RegEx for matching temperatures (°c)


I would like to get all temperature/temperature ranges with and without spaces in between them. For now, I am able to get those without spaces in between them using:

re.findall(r'[0-9°c-]+', text)

enter image description here

What would I need to add to the regex such that I can get the ones with spaces between them properly as well? E.g 50 space ° space C should be seen as a whole instead of three pieces.


Solution

  • You may use

    -?\d+(?:\.\d+)?\s*°\s*c(?:\s*-\s*-?\d+(?:\.\d+)?\s*°\s*c)?
    

    See the regex demo.

    The pattern consists of a -?\d+(?:\.\d+)?\s*°\s*c block that is repeated twice (to match an optional range part) and matches negative and fractional temperature values:

    • -? - an optional hyphen
    • \d+ - 1+ digits
    • (?:\.\d+)? - an optional fractional part
    • \s* - 0+ whitespaces
    • ° - the degree symbol
    • \s* - 0+ whitespaces
    • c - c char.

    The (?:\s*-\s*<ABOVE_BLOCK>)? matches 1 or 0 repetitions of a hyphen enclosed with 0+ whitespaces and then the same block as described above.

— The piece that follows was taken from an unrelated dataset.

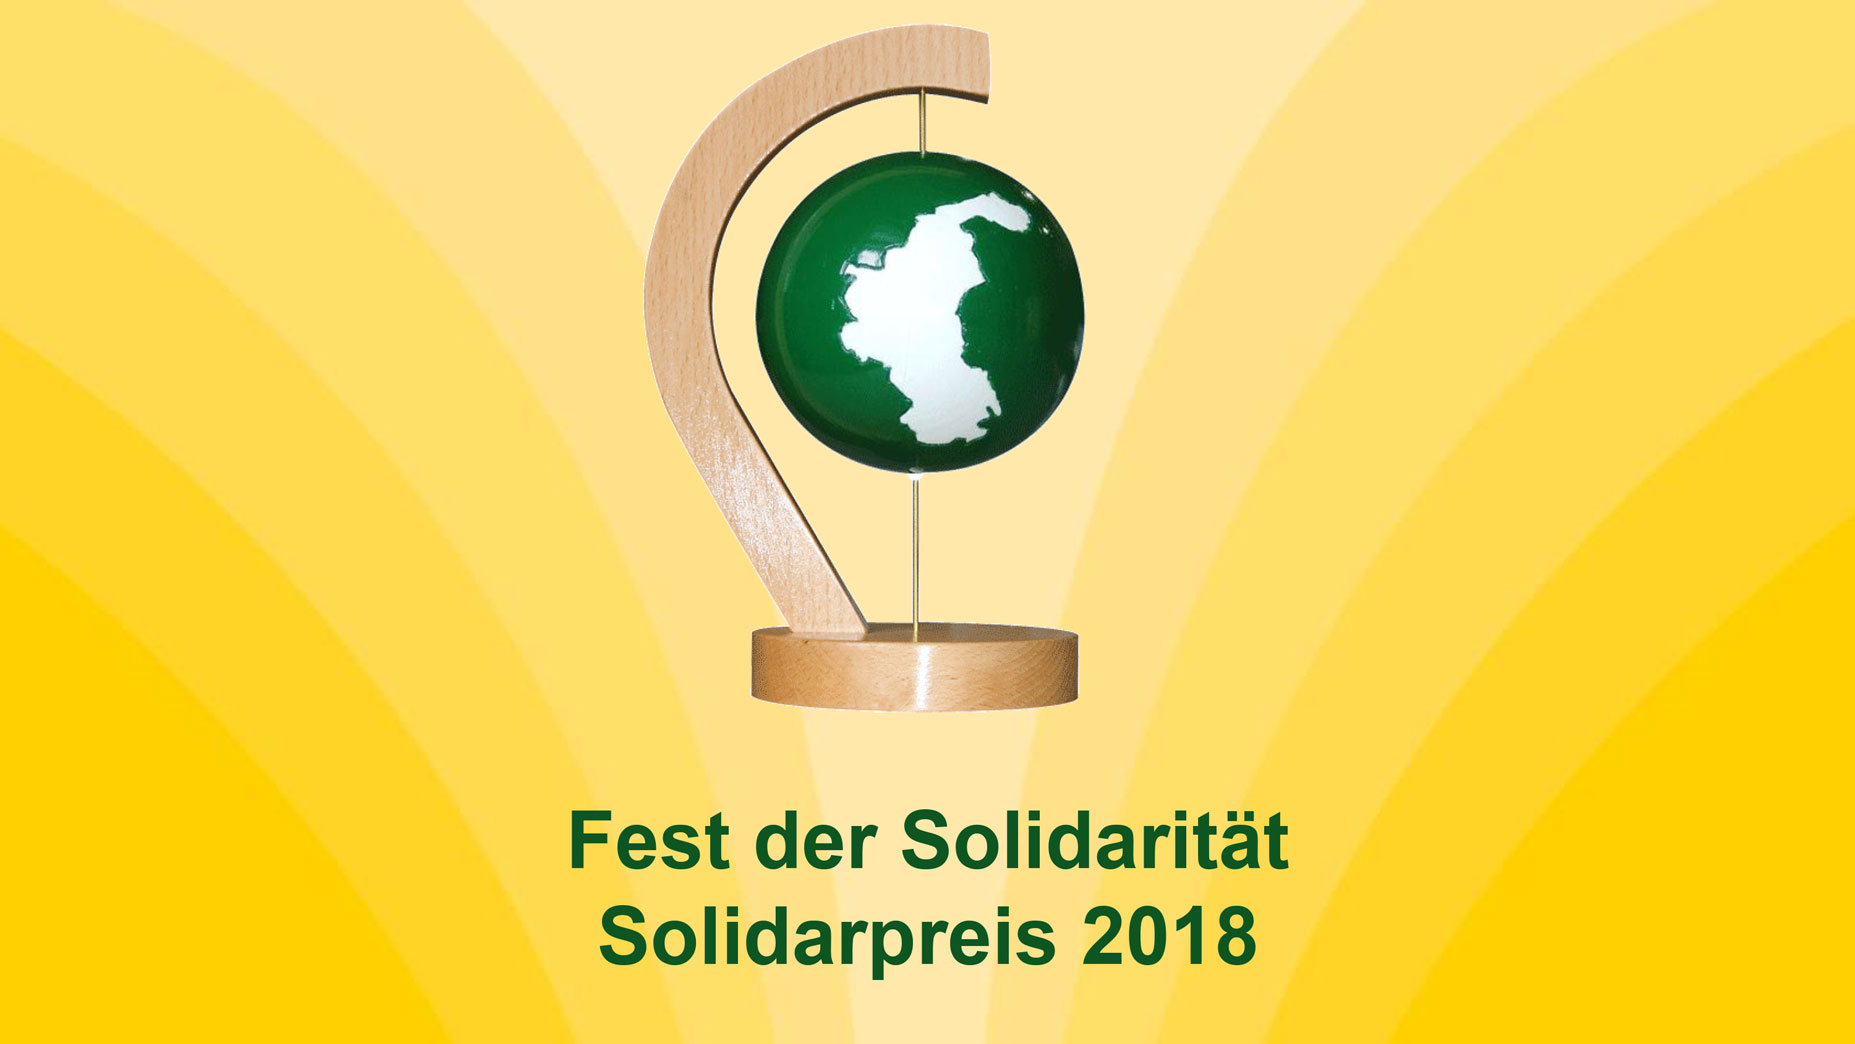 Solidarpreis_2018_16_9-1855

    In Python, it makes sense to build the pattern dynamically:

    tb = r'-?\d+(?:\.\d+)?\s*°\s*c'
    rx = r'{0}(?:\s*-\s*{0})?'.format(tb)
    results = re.findall(rx, s)
    

    If c is optional replace \s*c with (?:\s*c)?.

    If ° and c are optional replace \s*°\s*c with (?:\s*°\s*c)? or (?:\s*°(?:\s*c)?)?.

    Here is the temperature block pattern where the degree symbol and the c char are all optional but follow in the same order as before:

    tb = r'-?\d+(?:\.\d+)?(?:\s*°(?:\s*c)?)?'
    

    Full Python demo code:

    import re
    s = 'This is some temperature 30° c - 50 ° c  2°c  34.5 °c 30°c - 40 °c and "30° - 40, and -45.5° - -56.5° range' 
    tb = r'-?\d+(?:\.\d+)?(?:\s*°(?:\s*c)?)?'
    rx = r'{0}(?:\s*-\s*{0})?'.format(tb)
    results = re.findall(rx, s)
    print(results)
    # => ['30° c - 50 ° c', '2°c', '34.5 °c', '30°c - 40 °c', '30° - 40', '-45.5° - -56.5°']
    

    If the degree symbol may go missing and c may still be there move the grouping boundary:

    tb = r'-?\d+(?:\.\d+)?(?:\s*°)?(?:\s*c)?'
                          ^-------^^-------^
    

    See this regex demo and the full Python code demo:

    import re
    s = 'This is some temperature 30° c - 50 ° c  2°c  34.5 °c 30°c - 40 °c and "30° - 40, and -45.5° - -56.5° range 30c - 50 °c" or 30c - 40' 
    tb = r'-?\d+(?:\.\d+)?(?:\s*°)?(?:\s*c)?'
    rx = r'{0}(?:\s*-\s*{0})?'.format(tb)
    results = re.findall(rx, s)
    print(results)
    

    Output:

    ['30° c - 50 ° c', '2°c', '34.5 °c', '30°c - 40 °c', '30° - 40', '-45.5° - -56.5°', '30c - 50 °c', '30c - 40']